The mitral annulus is the saddle shaped fibrous junction between the left ventricle and atrium, with peaks located at the midpoint of the anterior and the posterior annulus. It is the site of insertion for the mitral valve leaflets and commissural tissue. The commissural annulus moves apically during systole, whereas the annular diameter narrows increasing the area of leaflet coaptation. The annulus lies several millimeters deep to the hinge point between the leaflets and left atrial tissue which is clearly seen when inspecting the valve through an atriotomy. The posterior mitral annulus consists of discontinous bands of fibrous tissues, and is not attached to any rigid structure so it is particularly prone to annular dilation, which can also affect the anterior portion of the mitral annulus between the two trigones, to a much lesser degree. The right fibrous trigone is where the fibrous annular tissue of the mitral, tricuspid, and noncoronary cusps of the aortic valve and the membranous septum coalesce, and the left fibrous trigone is formed by the junction of both left fibrous borders of the aortic and the mitral valve. Important anatomical structures in close proximity to the mitral annulus include the non-coronary and right coronary aortic sinuses, the circumflex coronary artery and the coronary sinus.

The chordae tendinae are thin fibrous structures which connect the papillary muscles to the leaflets. They are classified according to the site of insertion. Marginal or primary chordae insert on the free margin of the leaflets and limit leaflet prolapse. The distance between marginal chordae in normal valves is usually less than 3–4 mm. Intermediate or secondary chordae insert onto the ventricular surface of the leaflets and reduce tension on the leaflet and primary chordae. The basal or tertiary chordae are attached to the posterior leaflet base connecting it to the mitral annulus.

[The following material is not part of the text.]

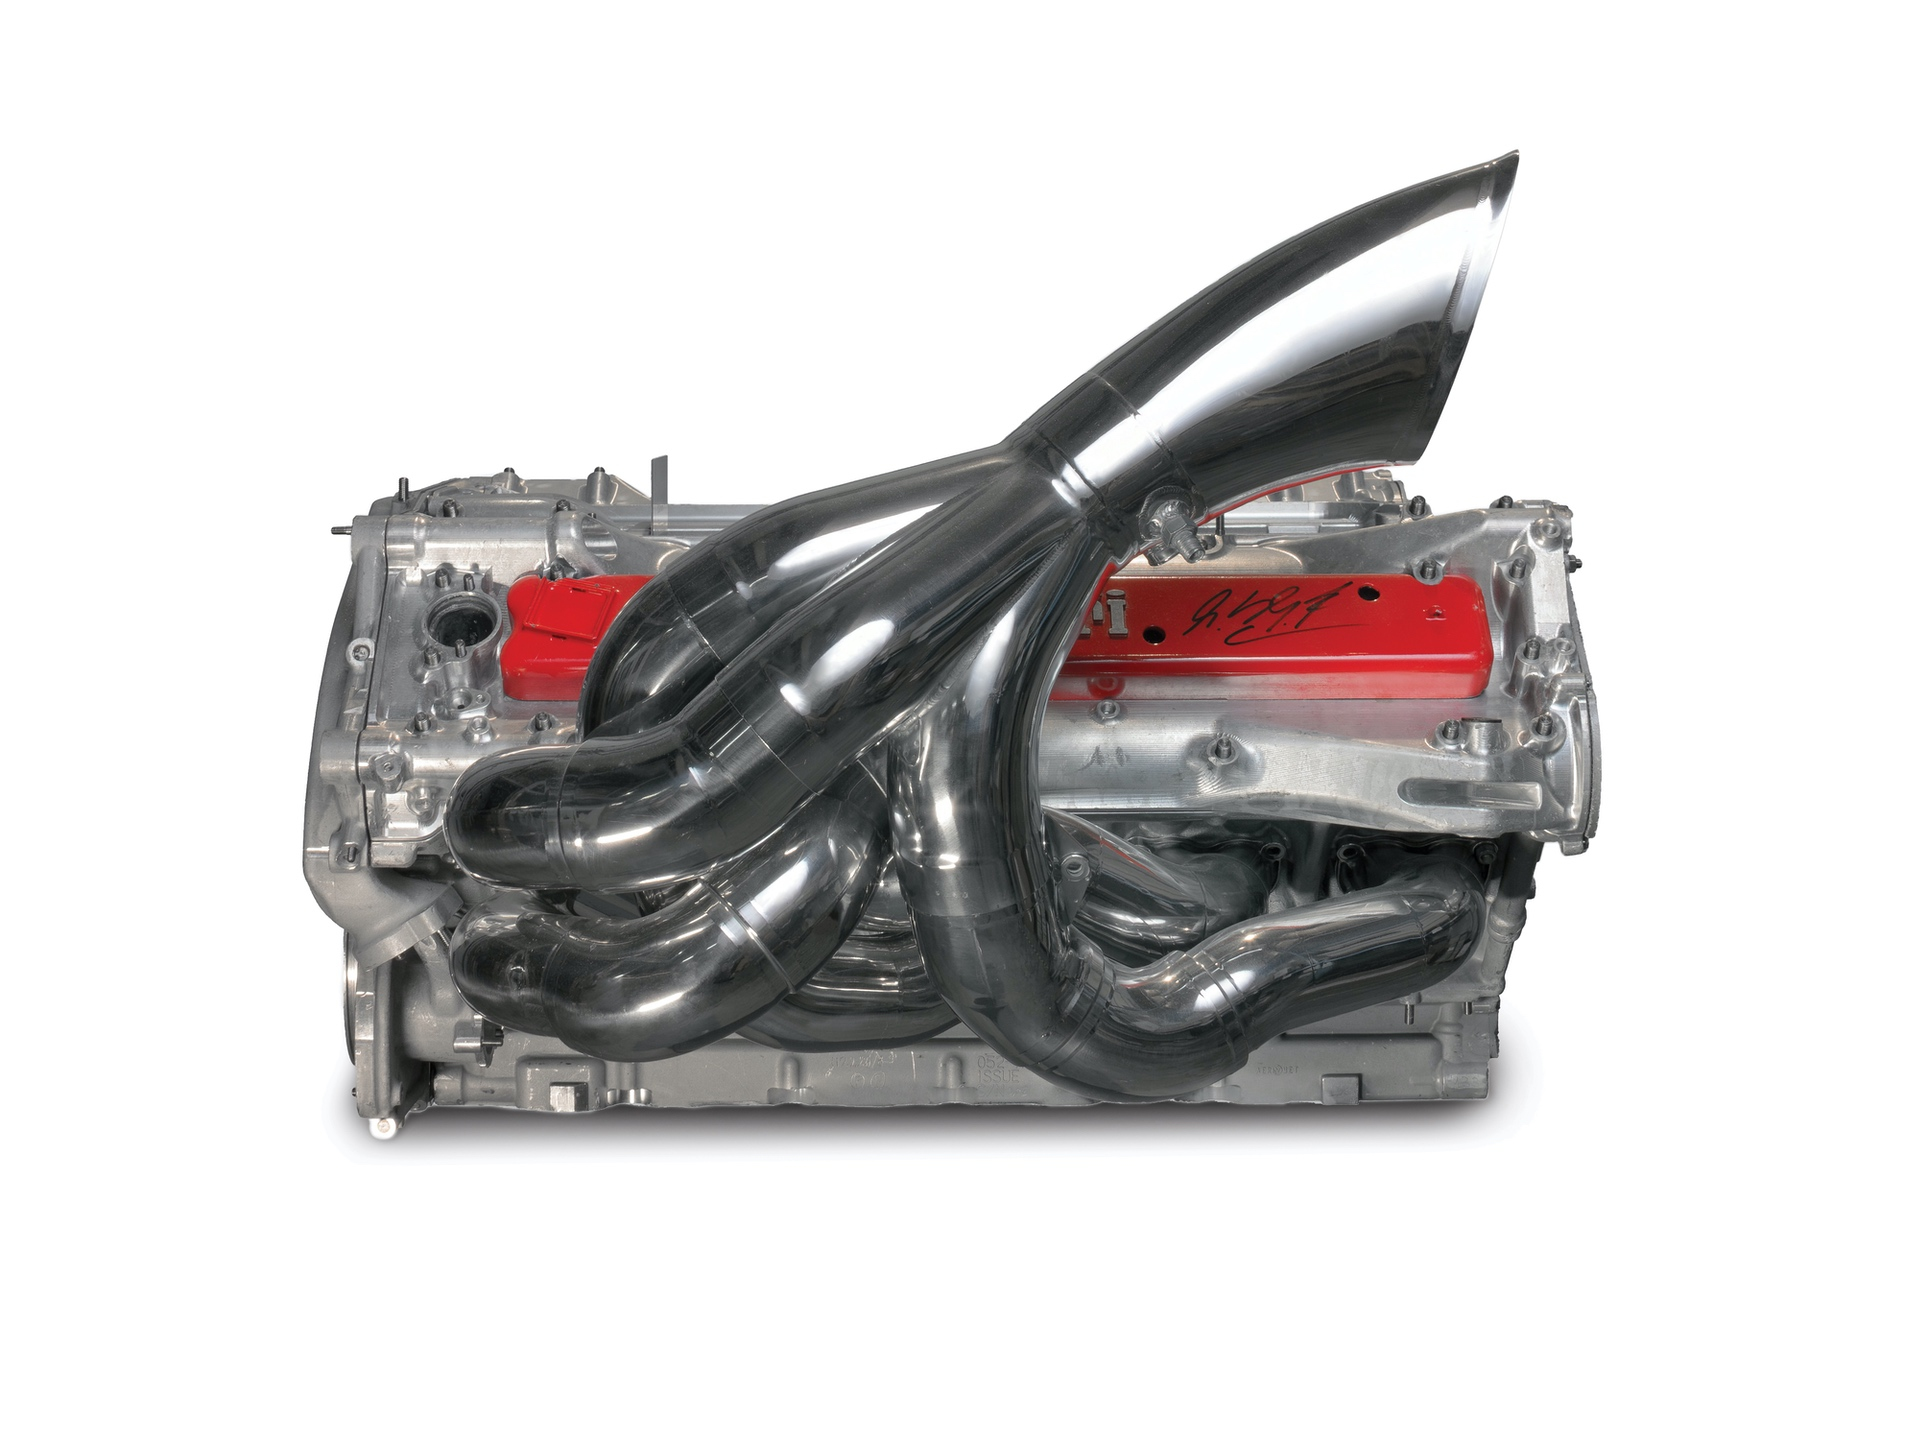 Ferrari_F2003-GA_Engine_0001

Two papillary muscles give rise to chordae tendinae: each muscle supports both leaflets. The anterolateral papillary muscle, which usually has one head, arises between the mid and apical third of the lateral ventricular wall. The posteromedial papillary muscle has two heads, and arises from the middle third to apex of the posterior septal wall. The blood supply to the posteromedial papillary muscle comes from a single coronary territory: the right or the circumflex coronary artery depending on the coronary dominance. The anterolateral papillary muscle has a dual blood supply from the left anterior descending and the diagonal or marginal branches of the circumflex coronary arteries. The anterior papillary muscle is therefore less prone to acute ischemic rupture.

During diastole the large surface area of the anterior mitral leaflet which opens into the left ventricle, divides the ventricle into the inflow chamber and the outflow tract. During the cardiac cycle the annulus contracts circumferentially, is displaced apically and folds in the intercommissural axis. This results in shortening of the distance between the annulus and left ventricular apex which augments the effects of ventricular systolic contraction, displacing blood into the aorta. During this phase of systole when the mitral valve is closed, there is normally a large surface of coaptation between the anterior and posterior leaflets preventing regurgitation. Dysfunction of any of the anatomical components of the mitral valve may reduce this surface of coaptation, leading to regurgitation. The likelihood of a competent and durable repair depends on the ability of the surgeon to identify and address any dysfunction.